Salon – Everything you wanted to know about “Inception”

by InceptionEnding

in Inception Ending

So if it’s not about dreams, what is it about?

I’m glad you asked. The critic Glenn Kenny has posited that “Inception” is really a movie about video gaming, which certainly provides the inspiration for some of its dopier action sequences. But for me, it makes most sense as a movie about the shared dream of movies, those half-created, half-imagined worlds that are always co-creations of the filmmaker and her audience.

Consider Cobb’s advice to Ariadne about drawing from life without replicating it, which could double as a warning to a budding screenwriter too literally wed to “write what you know.” Or the notion that, in order for the incepted idea to take root in Fischer’s mind, it has to be stripped down to its emotional core, the way an actor will ground his performance by rooting it in his character’s most elemental needs. Eames uses the word “catharsis” to describe the desired result of the inception, a term that whose dramatic lineage goes back to Aristotle.

Cobb and Fischer’s parallel journeys both involve reconciling themselves with their past, coming to terms with it but also freeing themselves from it. If you read “Inception” as an analogue for filmmaking, then Fischer’s journey represents the artist breaking free from the influence of his artistic forbears, taking them apart and building something new from their component parts, and Cobb’s represents the creator freeing himself from the shackles of his own experience, gaining the ability to incorporate pieces of his personal history without being defined by it….

All right, enough waiting. Was it all a dream or not?

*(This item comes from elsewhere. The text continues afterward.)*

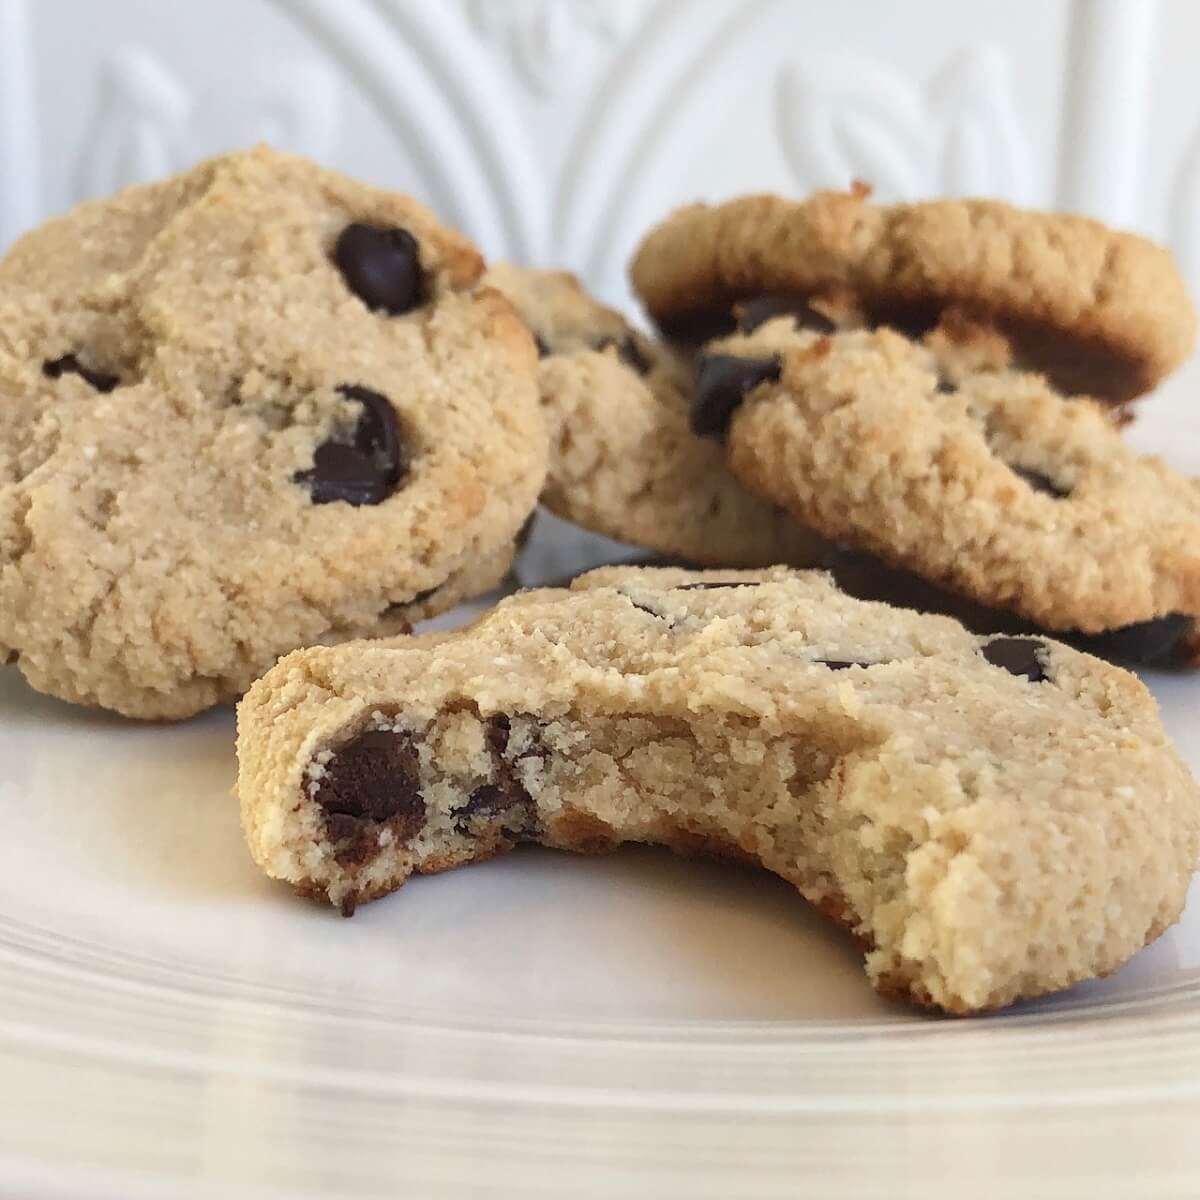 A pile of chocolate chip cookies with a bite missing from one.

Here’s why it matters. If you can’t fall asleep within your own dream, then what seems to be the real world at the end of the movie must, in fact, be reality. We see Cobb dreaming his own dreams twice: First in Yusuf’s opium den, and second in the workshop when Ariadne sneaks into his dreams. If, on the other hand, Nolan only leaves one dreamer behind at each level to prevent us from getting too confused, then the jury is still out. He deliberately toys with our perceptions, repeating key phrases like “leap of faith” at all levels of reality, and filming Cobb’s flight through the streets of Mombasa from an overhead angle that makes the city look like a labyrinth — just like those his team manufactures in dreams.

Here’s why it doesn’t matter. The last shot isn’t directed at Cobb. It’s directed at us. Cobb isn’t watching the top. He spins it and leaves it behind. If this is a dream, he doesn’t want to know. The decision of whether he finally finds happiness or whether he has merely retreated once and for all into his own memories is ours to make. Nolan builds the structure, but he leaves us to fill in the details, the same way the subjects elaborate on the dreamers’ skeletal architecture. We can’t share dreams in real life, but movies bring us close. They tell us a story, or a piece of it, but the characters live on inside our heads after the lights have come up. What happens next is up to us.”